Charlie Rangel’s tax reform bill isn't likely to become law anytime soon. Yet its already an active part of the presidential campaign, as Republicans try to reclaim control of the tax issue in advance of the 2008 elections.
The house ways and means chairman proposes some big tax cuts--eliminating the alternative minimum tax for those earning less than $200,000 a year and reducing the top corporate tax rate to 30.5%. But Republicans are hammering at the increases: a 4% surtax on incomes above $200,000, taxing "carried interest” as ordinary income rates, and elimination of important tax breaks benefiting some companies.

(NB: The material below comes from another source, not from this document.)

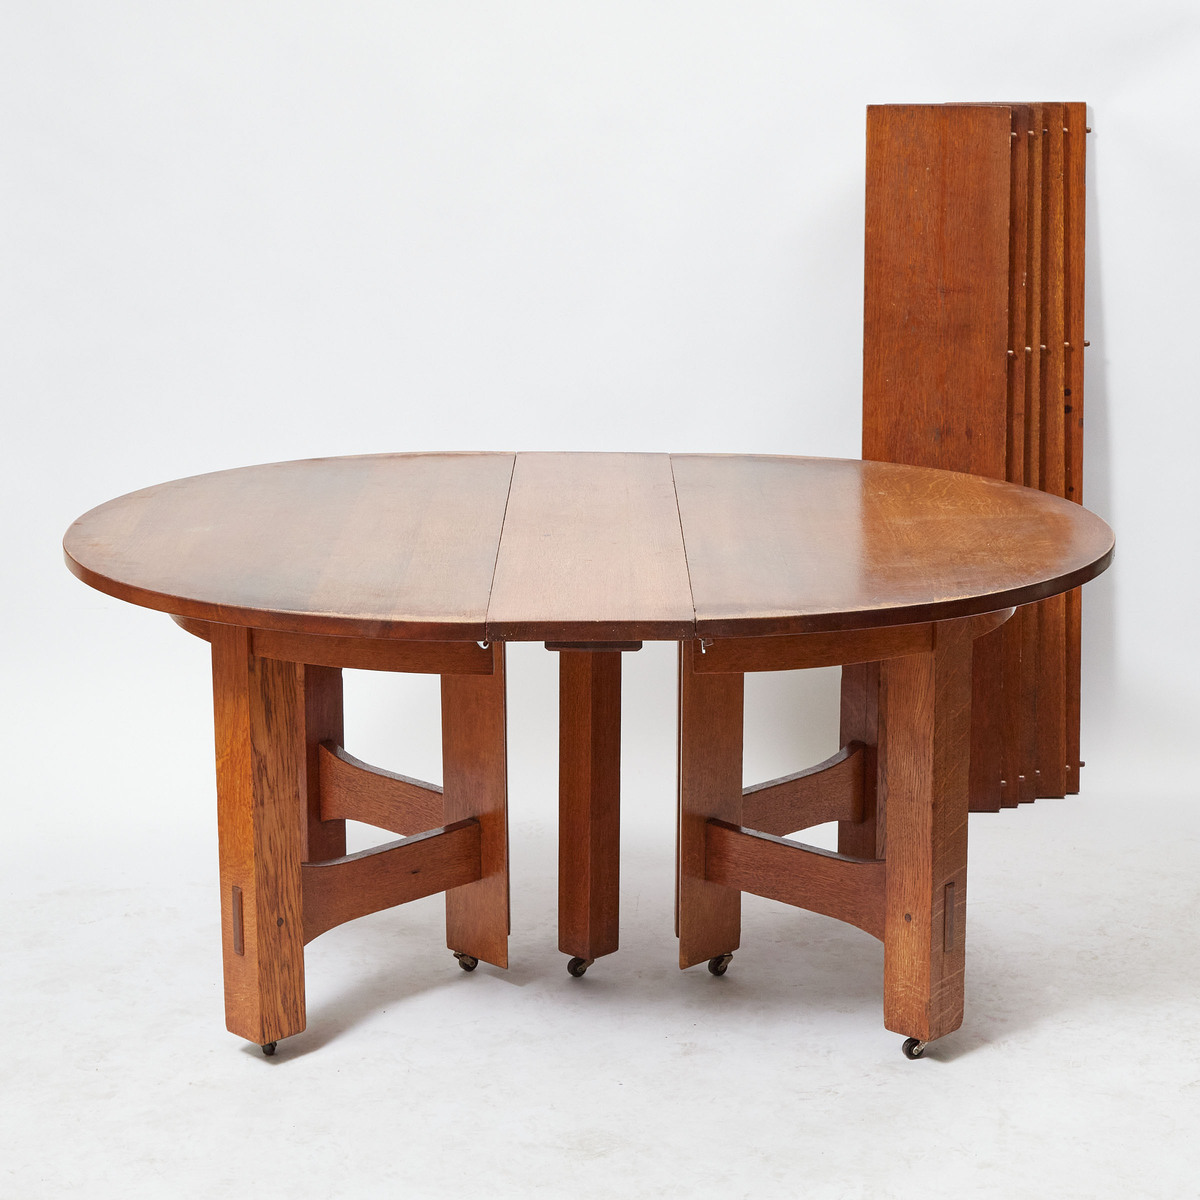 Gustav Stickley Model 634 Mission Oak Arts and Crafts Extension Dining Table, c.1912, height 30 in — - Image 3 of 3

That lengthens the list of proposals Republicans are using to try and revive the Democrats old tax and spend reputation:
--Raising cigarette taxes.
--Rolling back bush tax cuts for upper income Americans.
--Removing oil and Drug Company tax breaks.

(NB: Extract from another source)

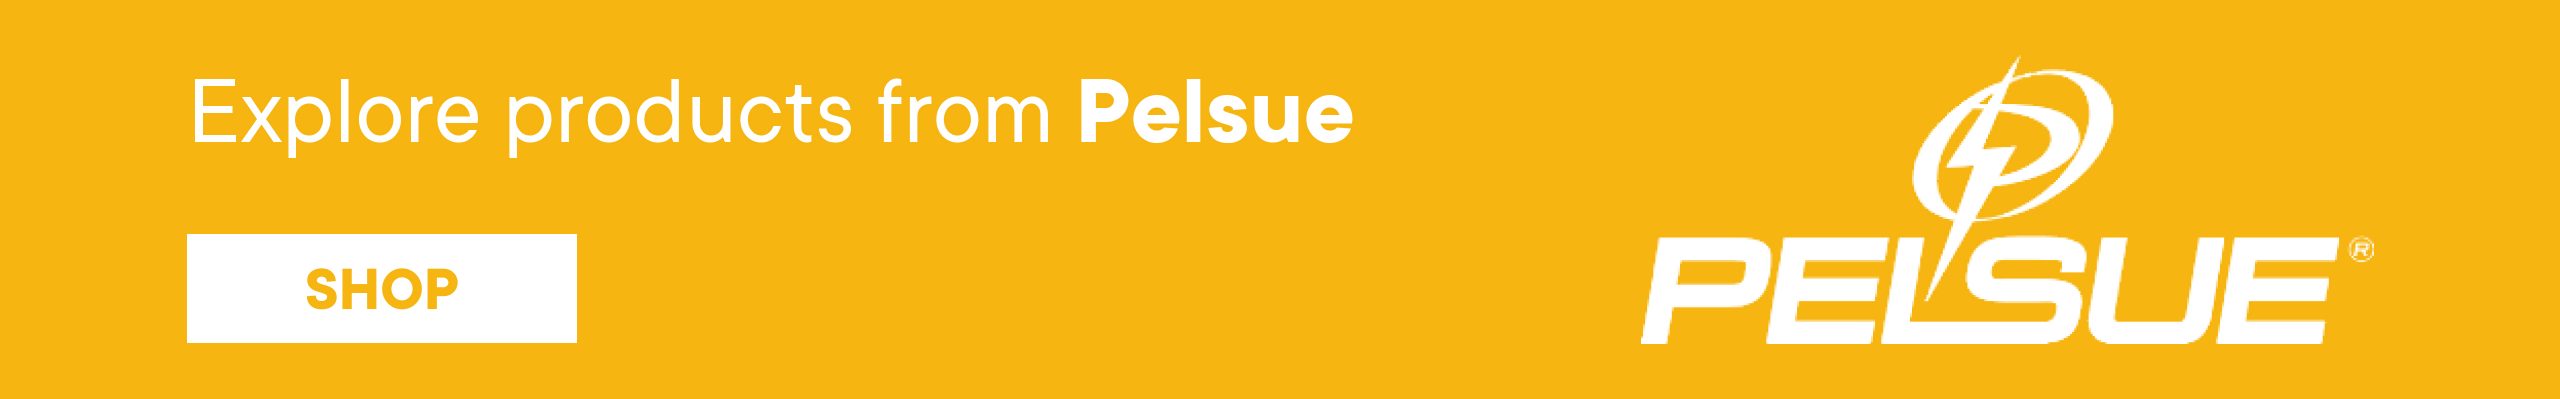 Explore products from Pelsue

--Raising capitol gains taxes.
In each case, Democrats say they have good reasons: to expand health care, develop alternative energy sources, cut the deficit, or make the tax code more fair.
But Republicans need to close this gap from a recent Wall Street Journal/NBC poll, which asked: who's better on handling taxes? The answer was worrisome for Republican strategists: 36% said Democrats, and just 27% said Republicans.
Which is why Republicans immediately demanded to know today whether Hillary Clinton supports the Rangel tax bill. So far the Clinton team's response has been silence.
UPDATE: OK, it's not silence from Team Clinton anymore, but the statement I've now received from the front-runner's spokesman Phil Singer is as close as a statement can come to silence: "Senator Clinton and Rep. Rangel share the broad goal of progressive tax reform. We welcome Rep. Rangel's leadership on this issue and will study his proposal closely."